> [Problem] In the entries below, which lines run from the one containing "Dimensions: D 11 x W 30 x H 40 cm" to the one containing "Sandwiched between two"? Copy exactly those lines, ends included, and no others.

> [Dataset records]
.....

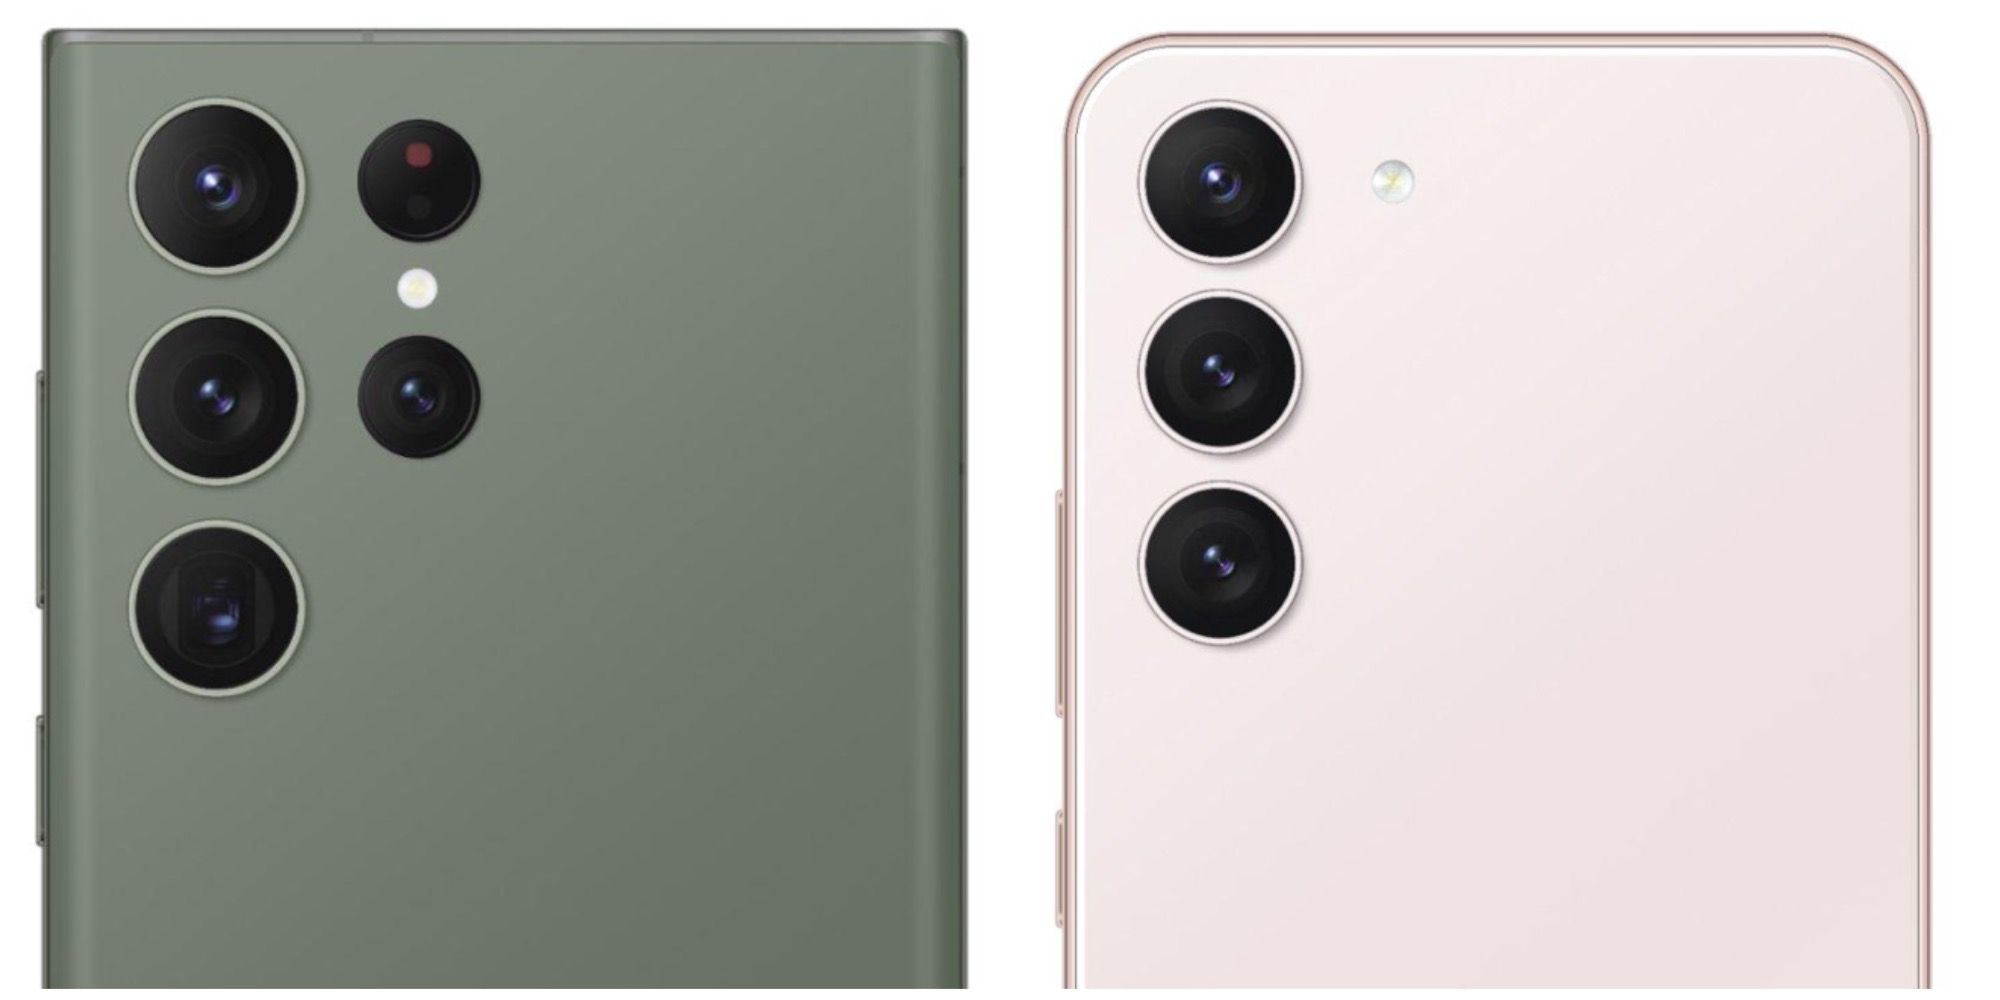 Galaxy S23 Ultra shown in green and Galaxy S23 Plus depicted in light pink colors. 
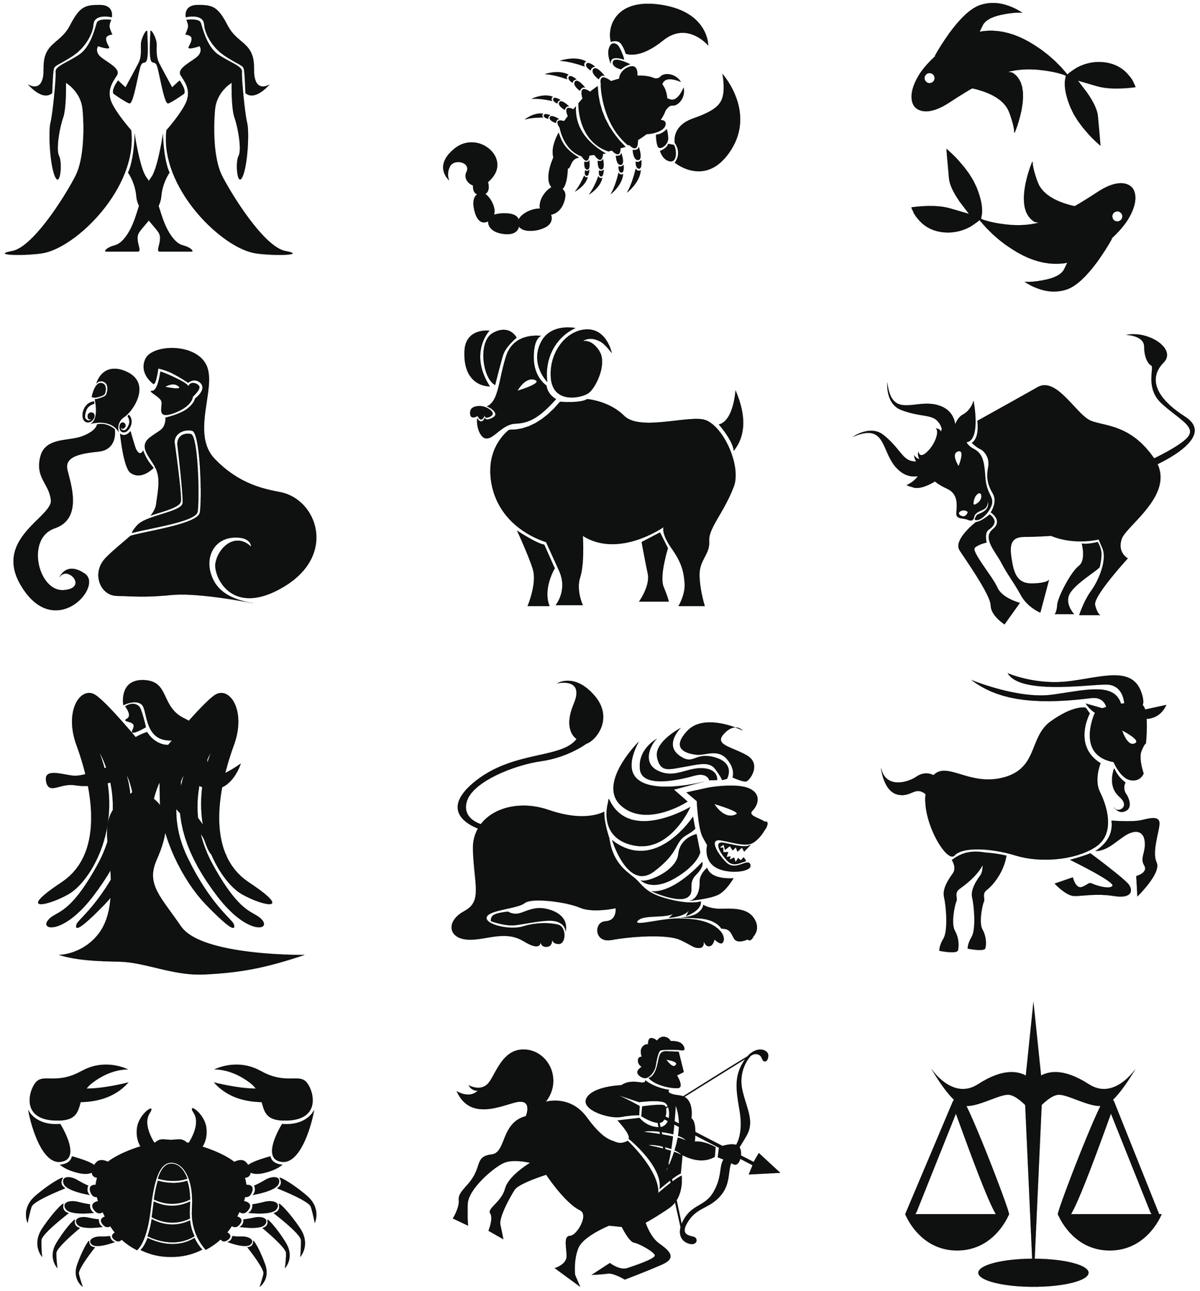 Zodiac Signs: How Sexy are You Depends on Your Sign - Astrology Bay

.....

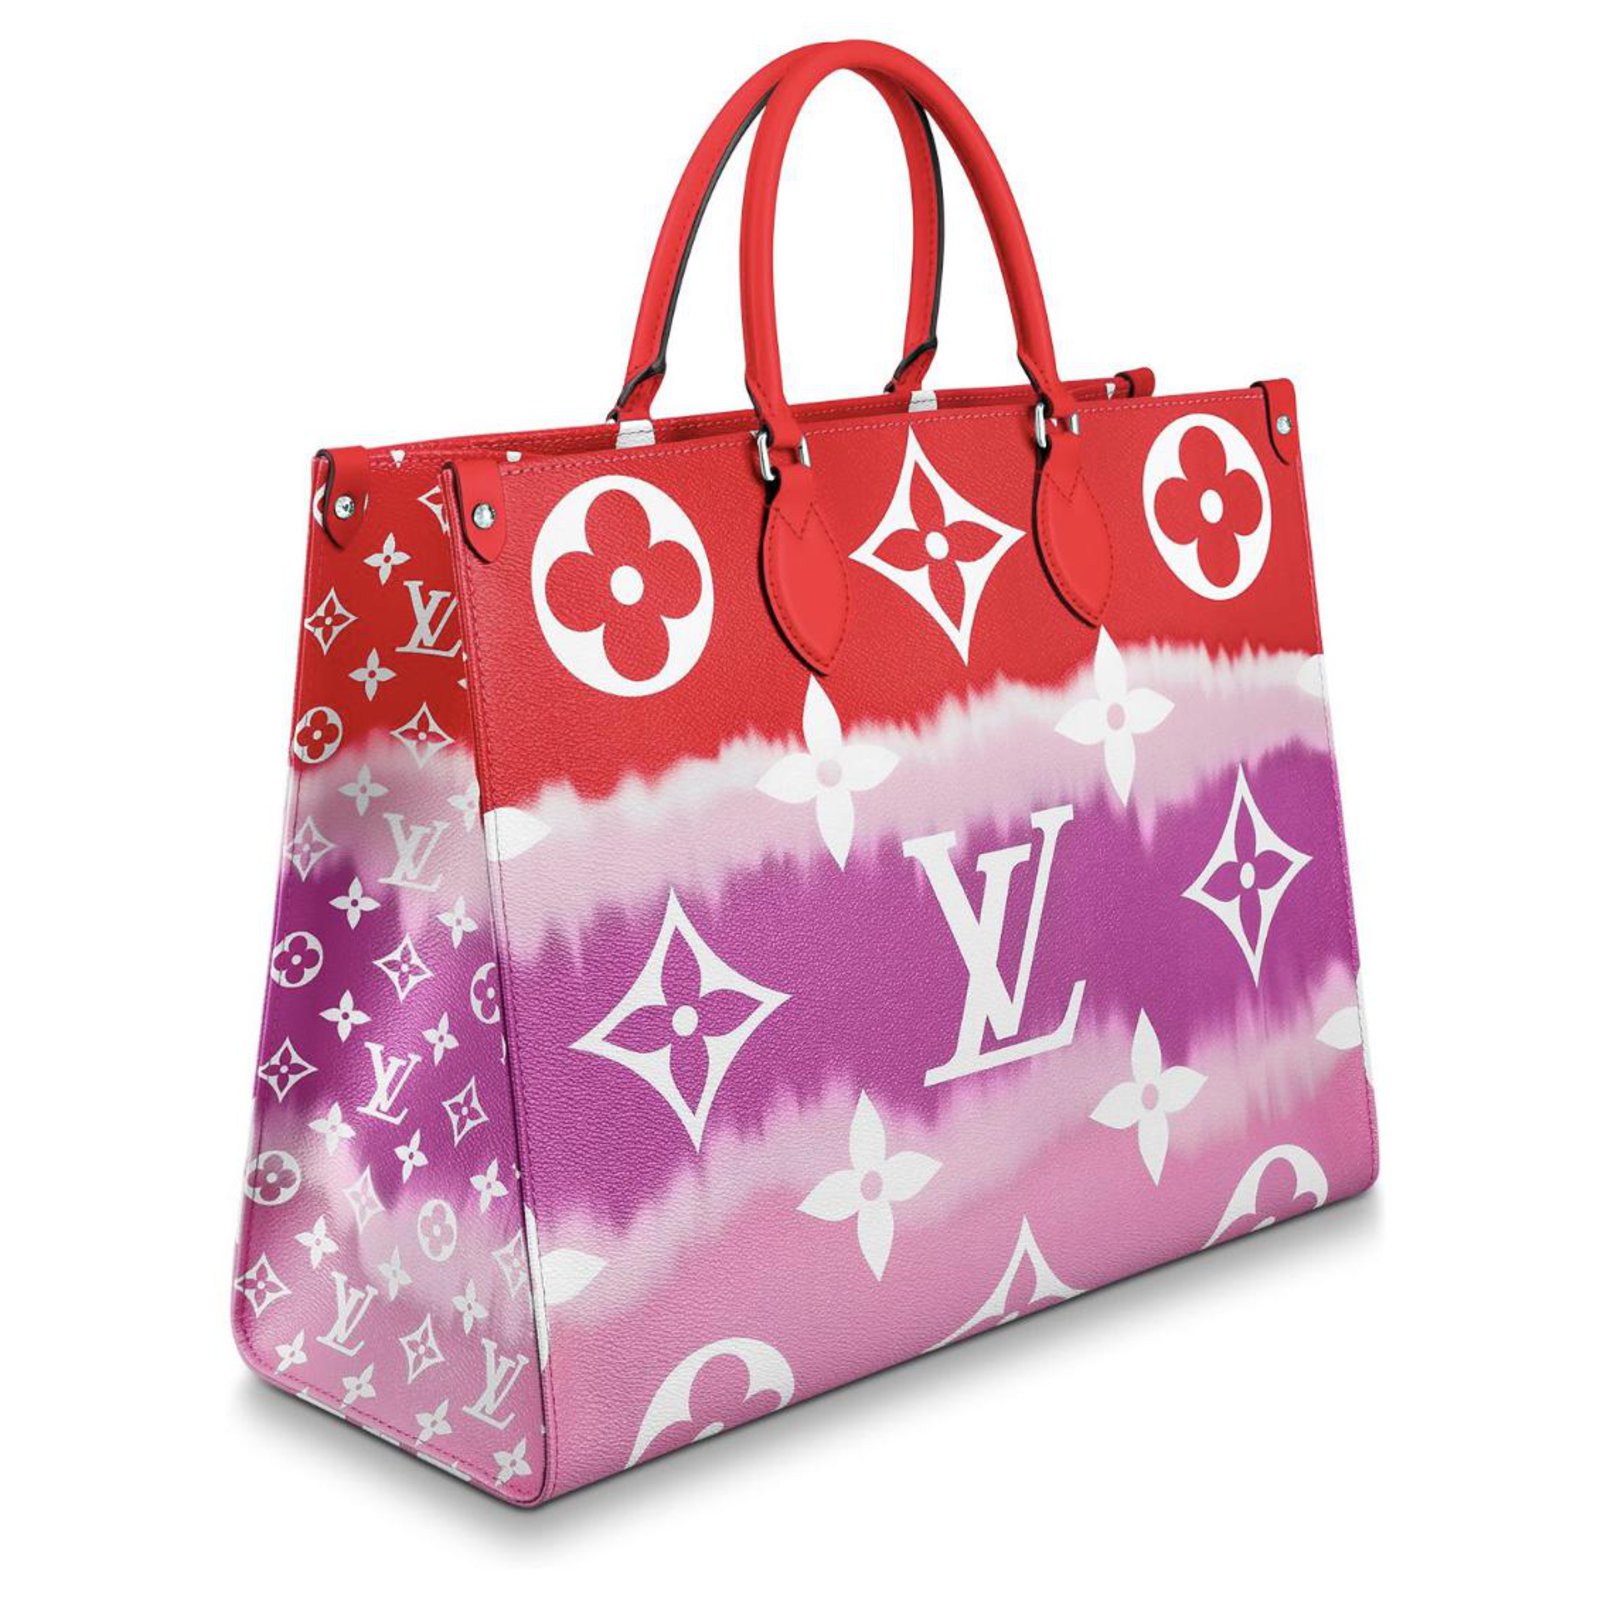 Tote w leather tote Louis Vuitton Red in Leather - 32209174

.....

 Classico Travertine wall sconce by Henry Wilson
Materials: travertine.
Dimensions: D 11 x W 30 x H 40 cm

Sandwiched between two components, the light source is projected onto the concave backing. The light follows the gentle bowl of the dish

.....

> [Task solution]
Dimensions: D 11 x W 30 x H 40 cm

Sandwiched between two components, the light source is projected onto the concave backing. The light follows the gentle bowl of the dish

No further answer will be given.